If anything though, I want to make a promise to myself that I'm going to stop sweating the small stuff. Like, how many followers I have or how many followers I lose in a week, even if it is half of my job (lol lol lol so please stop). Whether you can see the outline of my chubby tummy in my jeans and freaking out over 3 pathetic spots on my forehead due to stress and that annoying thing that we all have to experience..

HORMONES.



Because truth is, no one actually really gives a shit, so neither should I.. or you. We all stress and worry about stupid, little things that are so insignificant as soon as you break them down, that you wonder why you gave them a second thought in the first place. I promise you that you are doing fine and if you're not, you know yourself well enough to take a step back and make the changes that you want to make, for yourself and no one else. There is honestly so much pressure around us on a daily basis that it's hard not to get caught up in the expectations of others but you have to do what's best for you, otherwise you'll be miserable.

So, back to what I was saying - no I'm not setting any stupid, unrealistic resolutions for myself this year other than to care a little less. I have no idea what my future holds and I like it that way because I spent far too much of my teenage years over thinking how my life should be, what direction I should go in and it turns out, I did the total opposite to everything I ever had planned out for me but that's okay.

Want to hear something funny and pretty outrageous though?

I thought I was going to be a Mum at the age of 18, with my own house and possibly engaged. LOL.
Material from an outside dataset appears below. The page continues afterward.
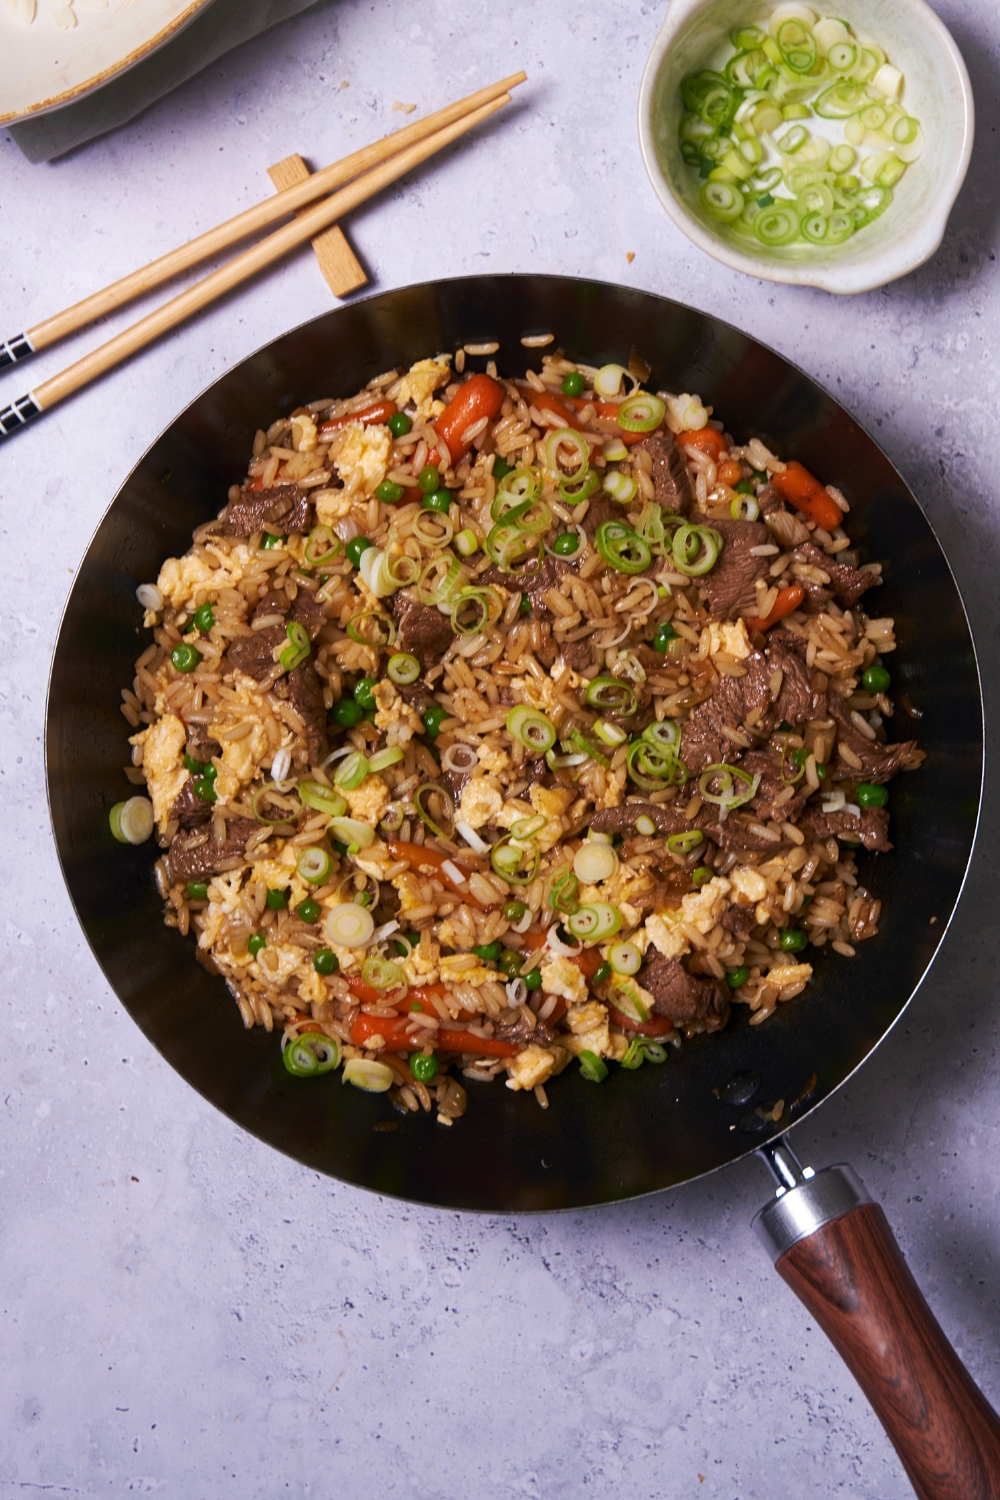 A black skillet filled with rice, peas, carrots, cooked beef, and green onions.
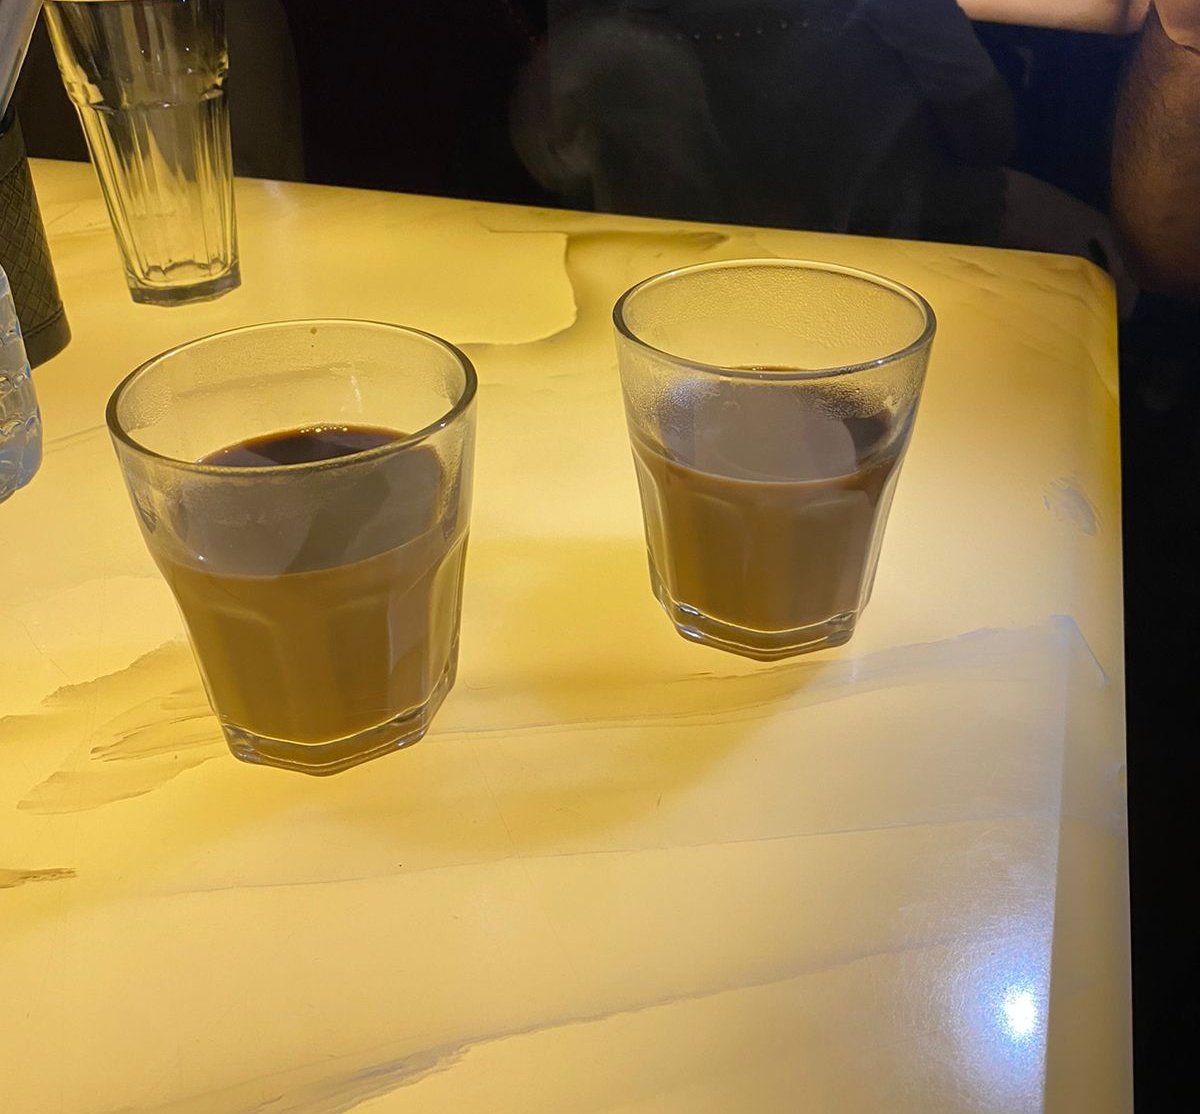 Gurgaon, the only place where Chai is also given in Whiskey glasses 😆

Yeah I know what you're thinking.. and the answer is no, I wasn't a very bright kid and yes, I was very naive.

But I would sit with my friends for hours as a child and talk about all the things I wanted to achieve and do by a certain age and I clearly thought 18 was the oldest you could ever be. How wrong I was.

It didn't stop there though, I would make resolutions like "Get a boyfriend" or "Sign up to the gym and lose a shit ton of weight" which looking back, it makes me sad knowing that I fell into the trap of 'having a boyfriend and being super skinny will make me really happy' when life doesn't work like that and having a boyfriend is a want.. not a need. Can I get an amen, ladies? Also, If I'm going to lose weight (which, I will talk about one day soon) then it is going to be for me and myself only.

I don't know if this will make sense as soon as I write it down but I like to be in control of my life.. but with events that are happening here and now, not with what's going to happen in the future. I know that seems a bit contradicting but I'm hoping you'll get what I'm trying to say anyways. So in short, I want to stress less and smile more, get rid of people's expectations of what my life should be and live for me. In terms of resolutions and how I want this year to pan out - I honestly have no clue what's going to happen and I'm okay with the fact I haven't given it a single thought.

Do you have any resolutions this year or are you a bit like me and giving them up? I would love to know.